Our geopolitical challenges spring from large countries jostling for relative advantage, with especially China looking to assert its growing might. But “authoritarianism” is not a rival ideology. It tells us very little about the nature of the challenge from either China or Russia or Iran. Our ideological troubles spring, I have argued before, from liberalism’s lack of perceived legitimacy. Authoritarianism emerges as a symptom either where the liberal approach to organizing society has failed to take root, or where an established liberalism is seen to be overreaching unopposed. We ought to be on the lookout for these failures of liberalism—for “the appeals to core elements of human nature that liberalism does not always satisfy,” as Kagan nicely puts it—and making humble corrections, rather than doubling down on a path that has helped to delegitimize those very ideas in a growing number of people’s eyes.
The Jungle Grows Back is an important book insofar as it contains all the debates outlined above within it. And Kagan opens the space for these ideas to breathe a little by rightly dismissing teleological progressivism in his book’s opening pages—a great service that makes reading the book a richer experience than it otherwise might have been. But a more moderate, and therefore much wiser, conclusion is passed over by an author whose commitment to his priors prevents him from seeing what a gem he might have had on his hands. It’s too bad.
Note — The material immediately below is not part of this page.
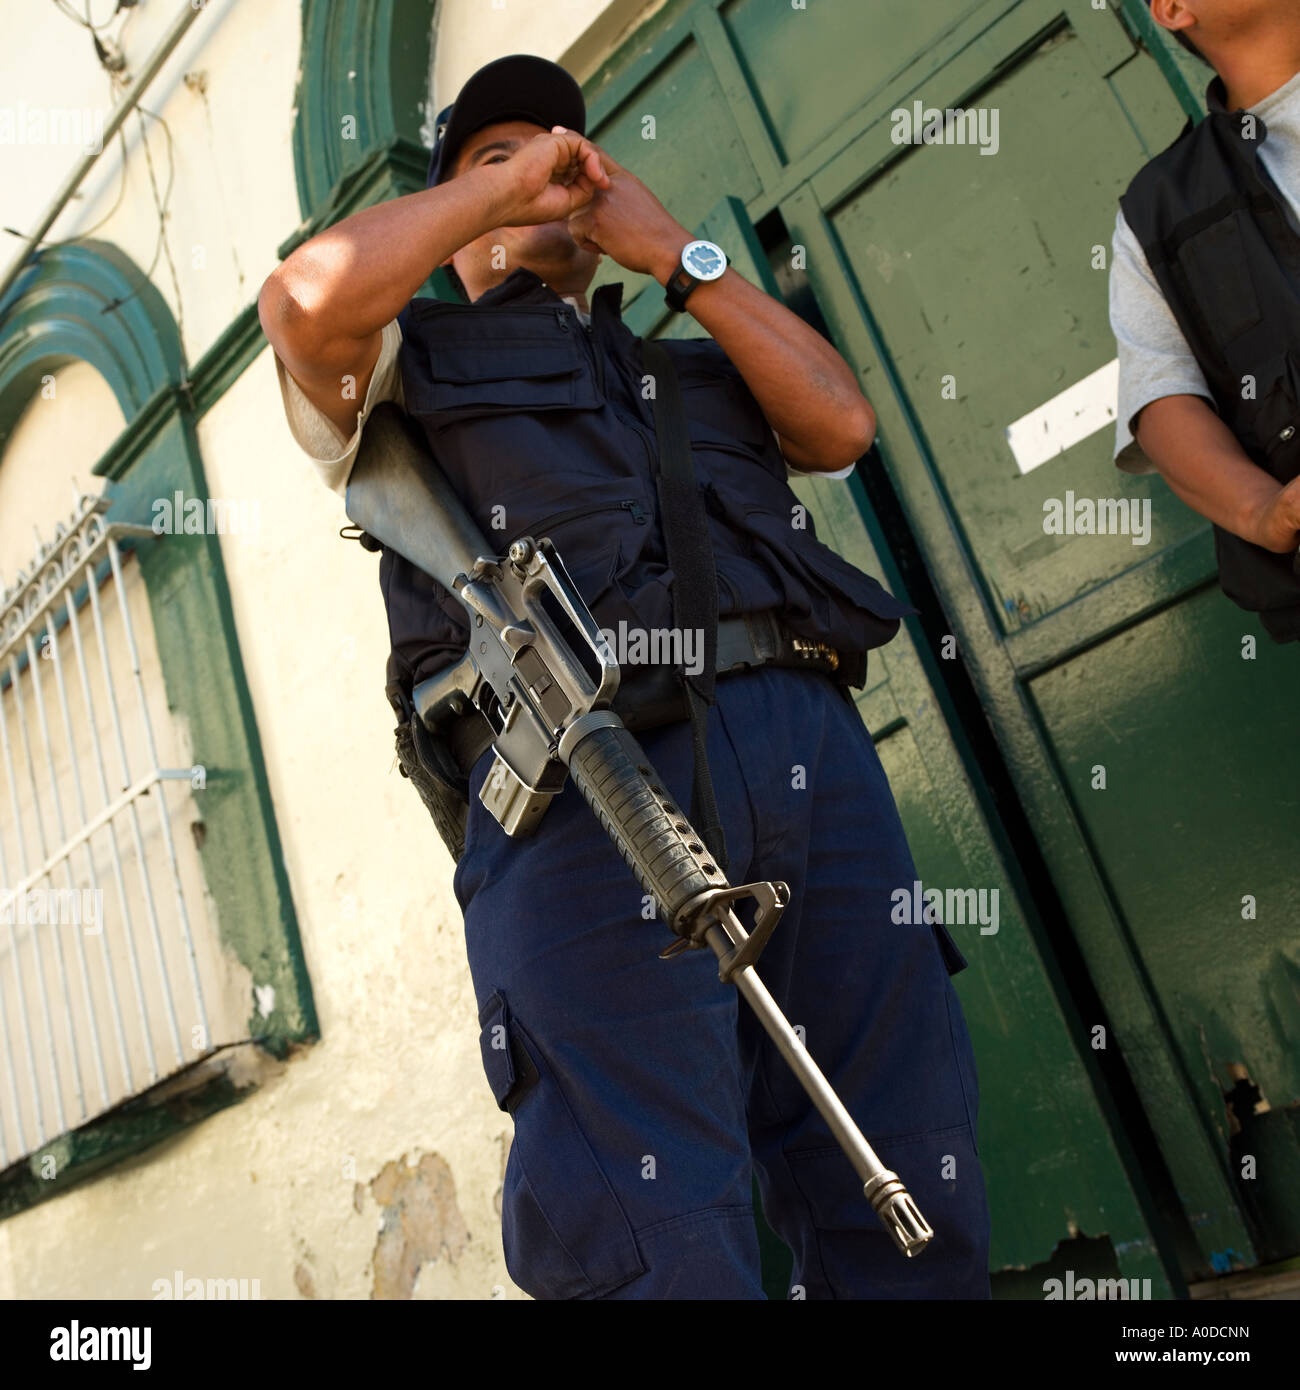 Mexican Police with armalite M16 rifle no model release required: crop makes people unrecognisable Stock Photo

1. See Adam Garfinkle here for more on the sloppiness of the Liberal World Order theorists—one of the earliest and best critiques of the phenomenon.
2. Once again, it’s hard to do better than Garfinkle on the subject of America’s secularized religion that drives its foreign policy.
3. Frank Fukuyama is all over this idea in The End of History and the Last Man with his discussion of the concept of “megalothymia.” He has expanded and updated his thinking in his most recent book Identity: The Demand for Dignity and the Politics of Resentment.